The protest claims that one voter inserted her completed ballot into the machine during early voting, yet did not see the number of ballots increase on the display. 

Other hearings

In a hearing Tuesday, Warren County Board of Elections Director Debbie Formyduval presented research on the allegations in the protest. After hearing the protests, the board unanimously decided to dismiss them. County Board of Election officials said there was no credible reason to move the protest forward. 

In Halifax County, Wray claimed that three Democrats were given Republican ballots and that several provisional ballots were not counted that should have been. He also said a poll worker for the Halifax Democratic party was handing out sample ballots instructing voters to vote for Rodney Pierce, Wray’s opponent.

A state law passed last session gives partisan observers more freedom to move around the voting place, but they are not allowed to interfere with voters or conduct electioneering inside the voting place. 

In a hearing Tuesday, the Halifax County Board of Elections dismissed the claims of wrong ballots and erroneous counting. It also dismissed the charge over illegal electioneering, finding no evidence that the poll observer was inside the voting area. It also found no evidence that voters received the wrong ballots. 

“We are disappointed that the protests were dismissed but appreciate each county board’s consideration. Our focus has been to ensure that every vote is counted. That is why we asked the counties to review those ballots,” Wray’s attorney said in a statement. 

What's next?

Wray can still appeal the protests from all three counties to the State Board of Elections, but has not said whether he will. 

Steven Greene, a political science professor at N.C. State University, said that while they might be called protests, this case is completely different from other election challenges.

“I don't feel like in the end, Wray is questioning the legitimacy of our election systems,” Greene said. “I think he's saying here are specific mistakes made, maybe even just human error, but that might be enough to be worth 35 votes to me.”

Greene also said that the protests and recounts are one way for Wray, first elected in 2005, to try to stay in office. 

“Roughly 20 years serving in the state legislature, and it's got to be hard to think that you're 30 votes away from losing that,” Greene said. “If there's legal, reasonable mechanisms that you can pursue, kind of like every opportunity to make sure you hold on to that political office, I can certainly see why somebody would do that.”    

Wray, who serves as chairman of the finance committee, is one of the most conservative Democrats in the legislature.
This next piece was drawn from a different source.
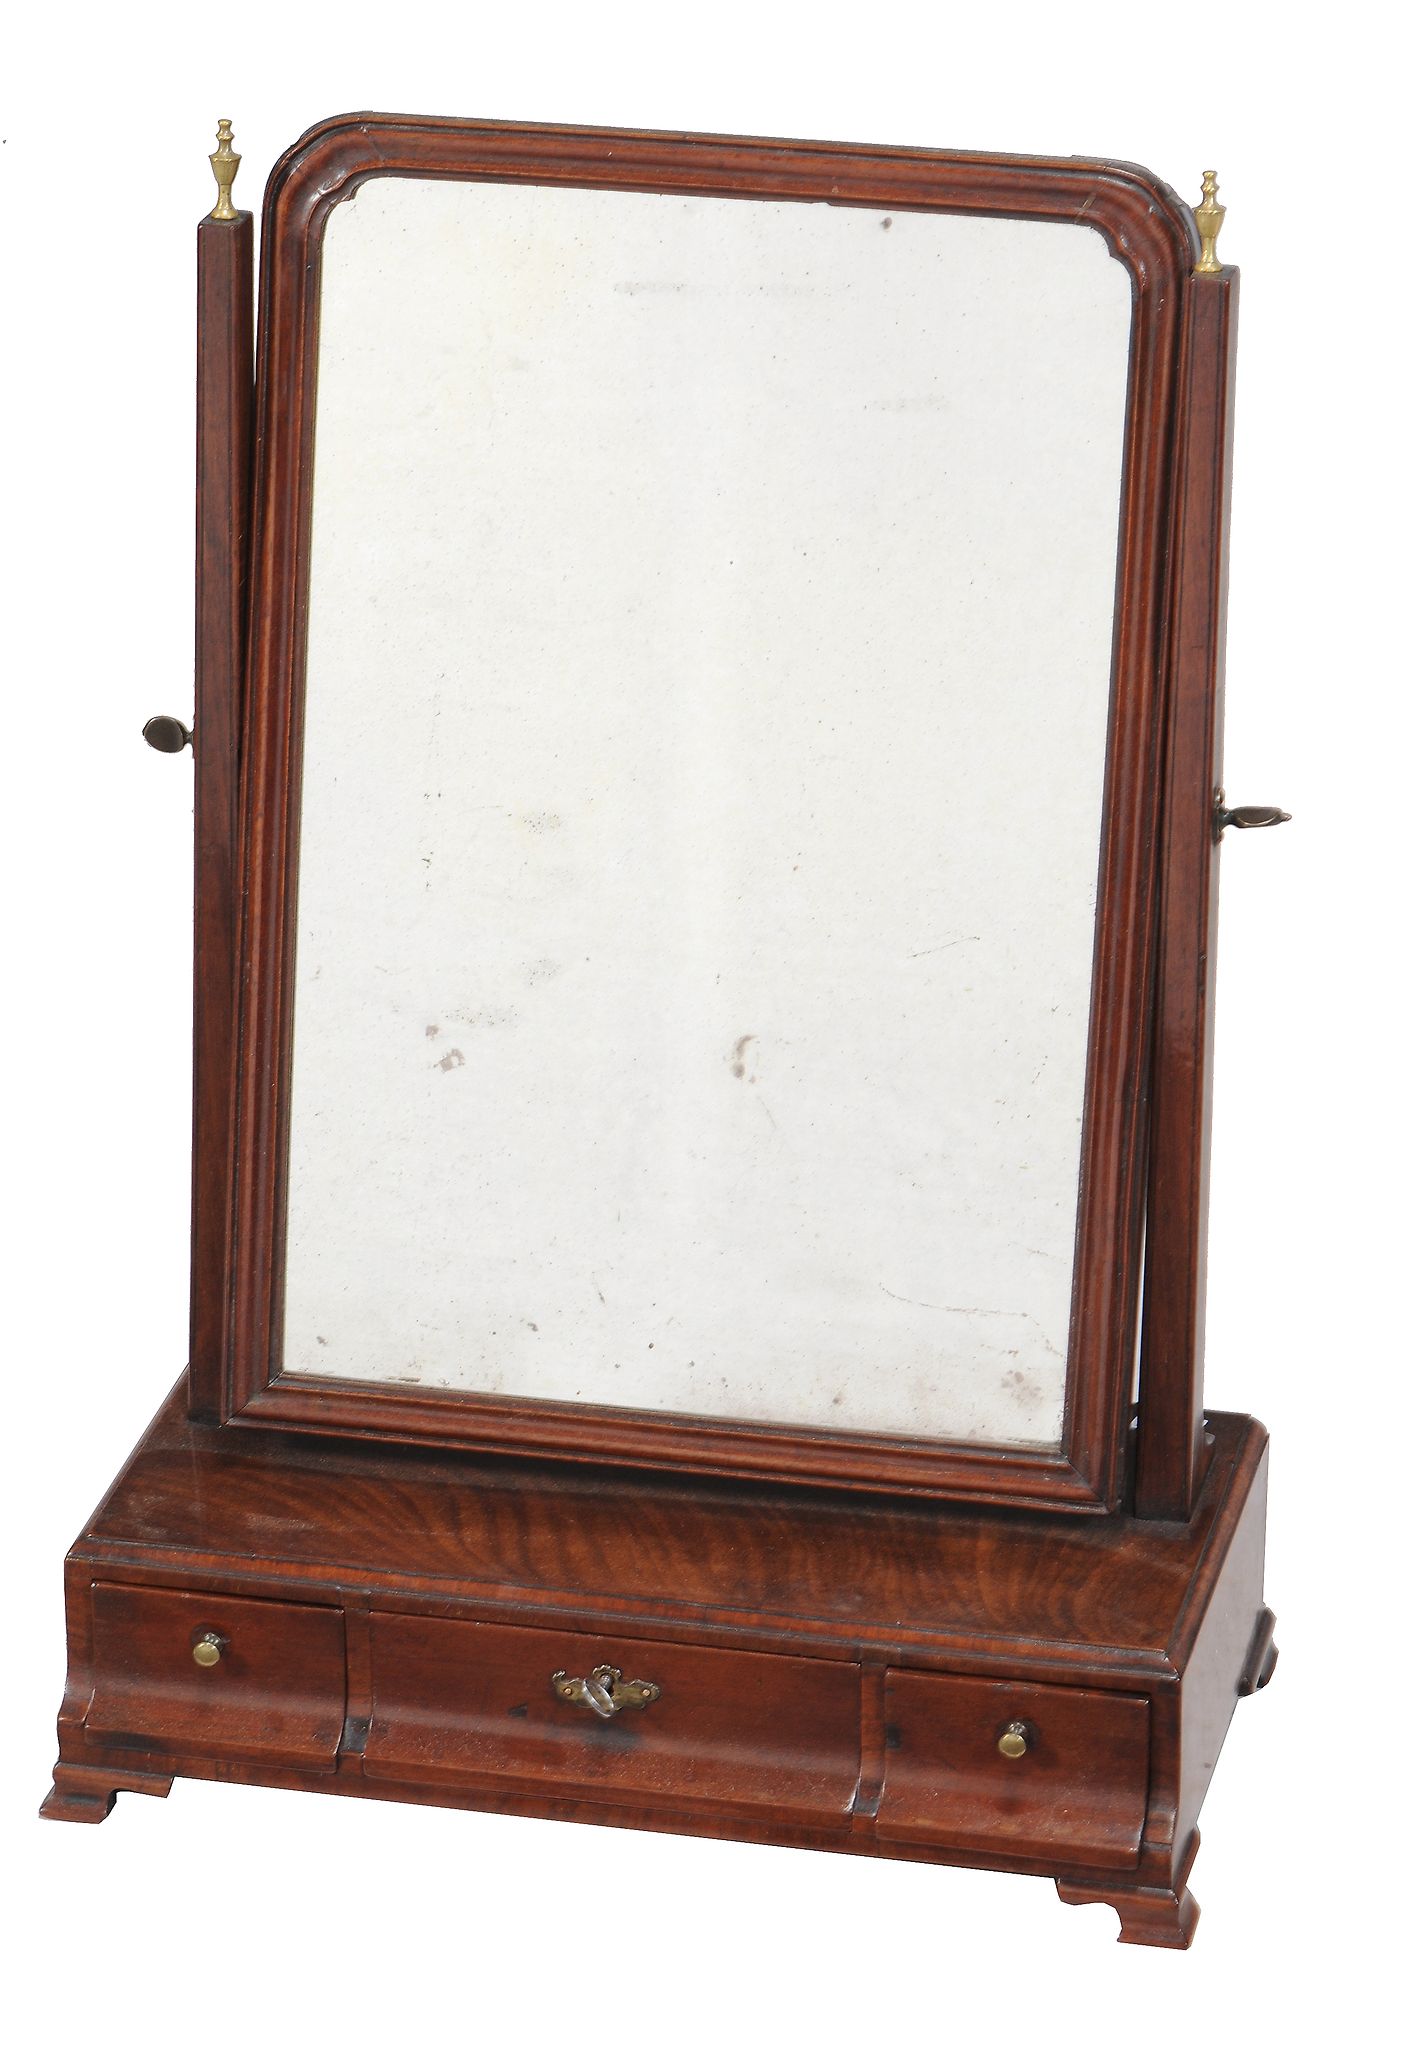 A George III mahogany dressing mirror, circa 1770, 61cm high, 42cm wide, 21cm deep

According to an analysis from N.C. Newsline, the average Democrat in the General Assembly voted with the Republican majority 66% of the time in 2023. Wray voted with Republicans 88% of the time, including on the state budget, which Gov. Roy Cooper did not sign, and to overturn several of Cooper’s vetoes. 
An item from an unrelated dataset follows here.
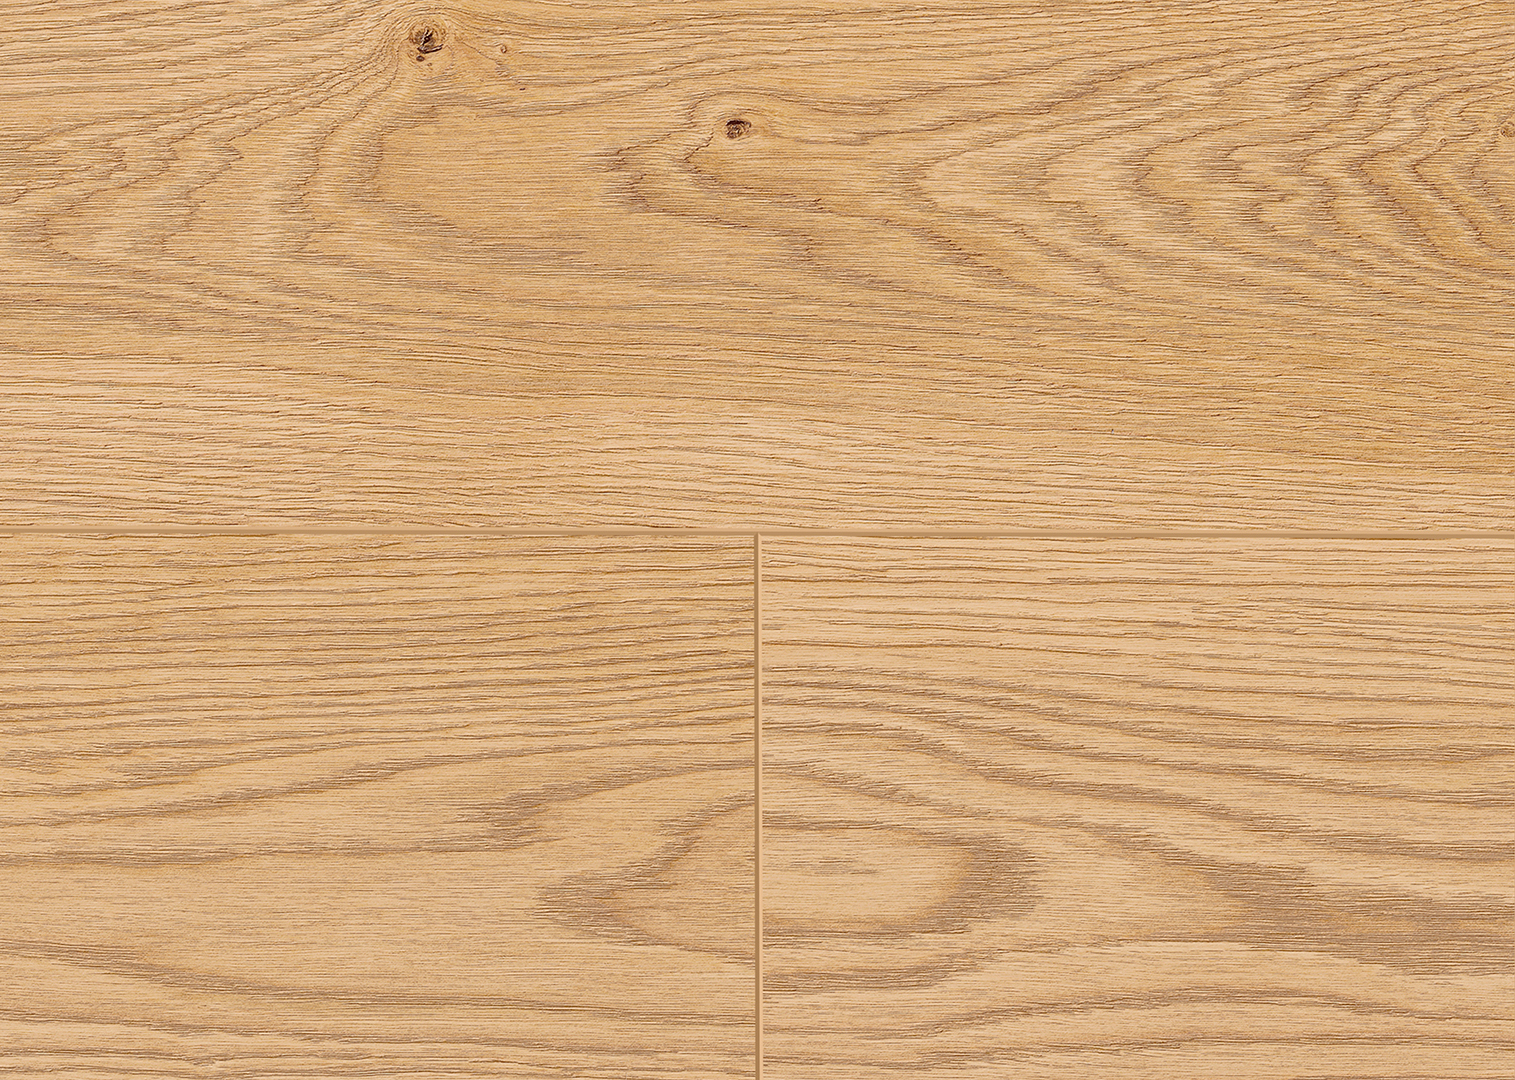 Terhürne Designboden Avatara PerForm wood Art. 1101250216 Eiche Artemis Lange Landhausdiele 6 mm

Pierce, who at one point served on the governor’s Teacher Advisory Committee, was endorsed by the Progressive Caucus of the N.C. Democratic Party and Carolina Forward, another progressive group. 
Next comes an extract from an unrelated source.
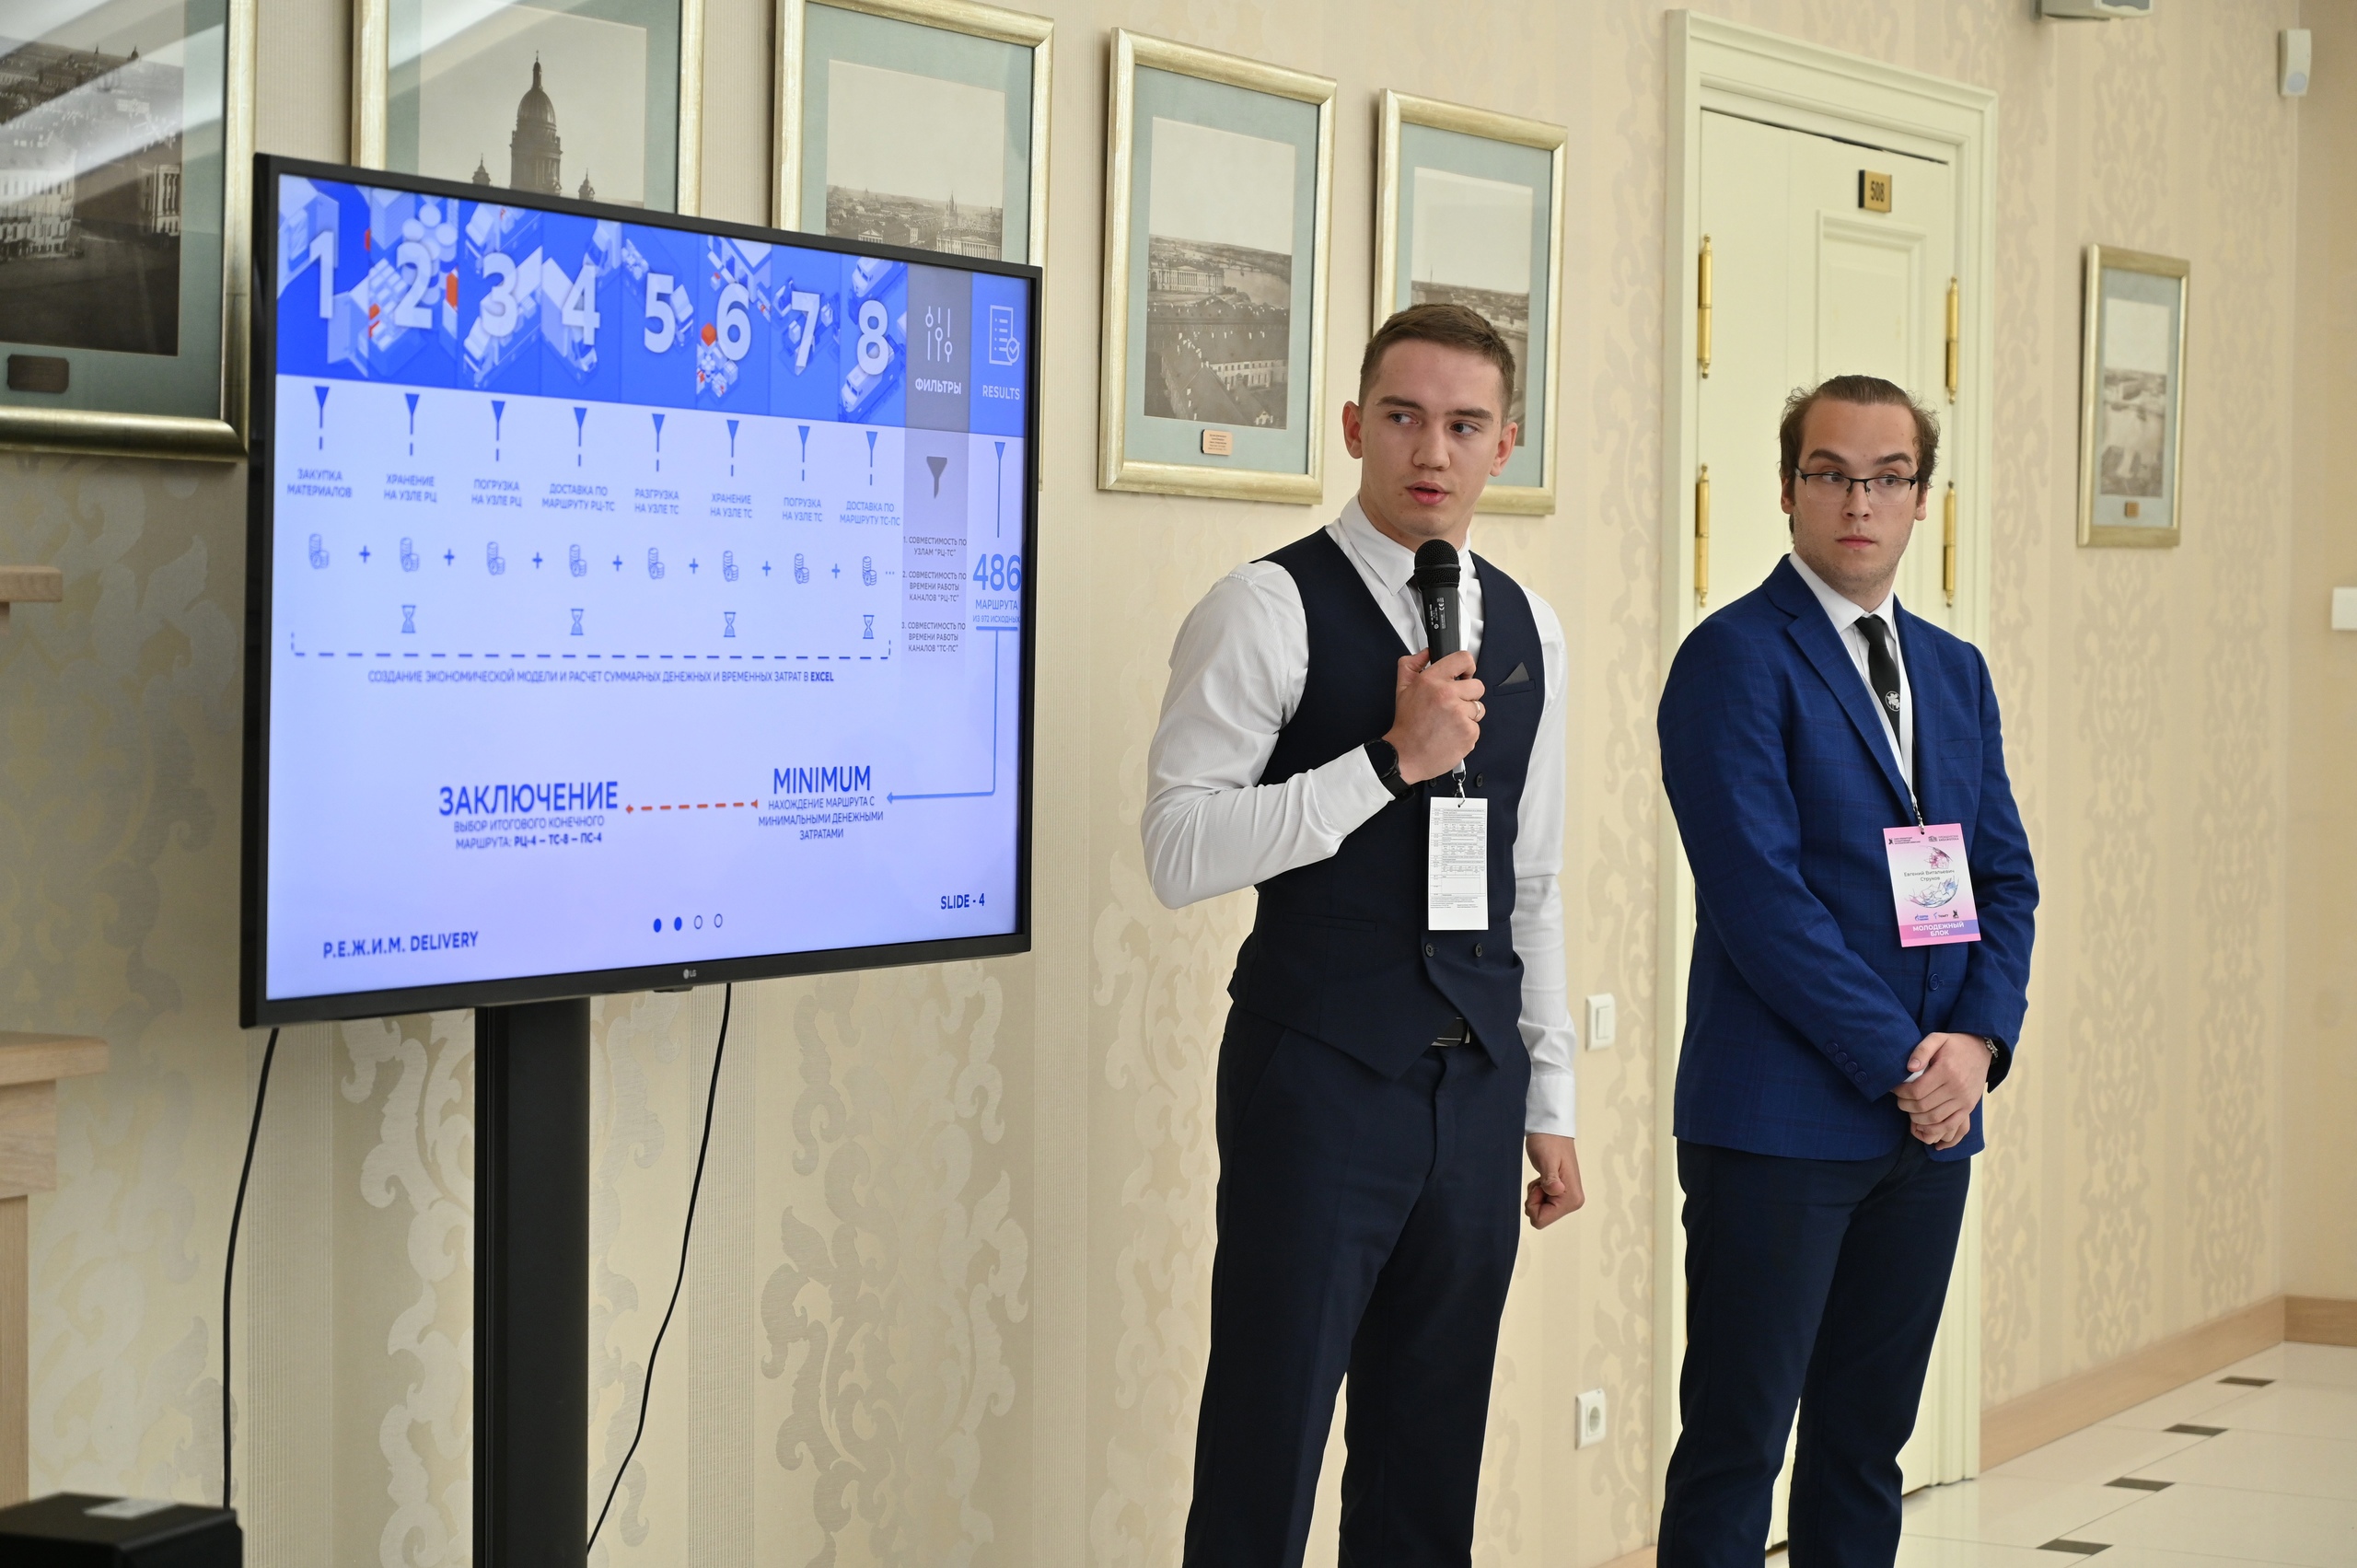 Команда студентов ЮГУ стала победителем финала II Всероссийского кейс-чемпионата «ProЭнергетику»

Those groups, and other Democratic ones, have denounced Wray’s protests and calls for recounts, and are urging him to concede. Anderson Clayton, chair of the North Carolina Democratic Party, called Pierce representative-elect in a video.

“We want to be clear: while he has the right to request a recount, it is clear that the outcome will not change. Representative-elect Rodney D. Pierce will represent Warren, Halifax and Northampton counties come January 2025. We call on Rep. Michael Wray to concede,” said Young Democrats of N.C. in a statement

Wray would not be the only moderate Democrat in the state to lose a primary if the result in his race holds. Sen. Mike Woodard of Durham lost to a progressive challenger, Sophia Chitlik, who once worked in the Obama administration.

Greene said the election of progressives in deeply blue districts is the result of people voting for candidates who more closely represent the Democratic Party.

“I think it reflects a genuine change in the Democratic Party, and that there's a real, ascendancy might be a little strong, but relatively speaking, of people on the more progressive side of the party willing to flex their electoral muscles a little more,” Greene said.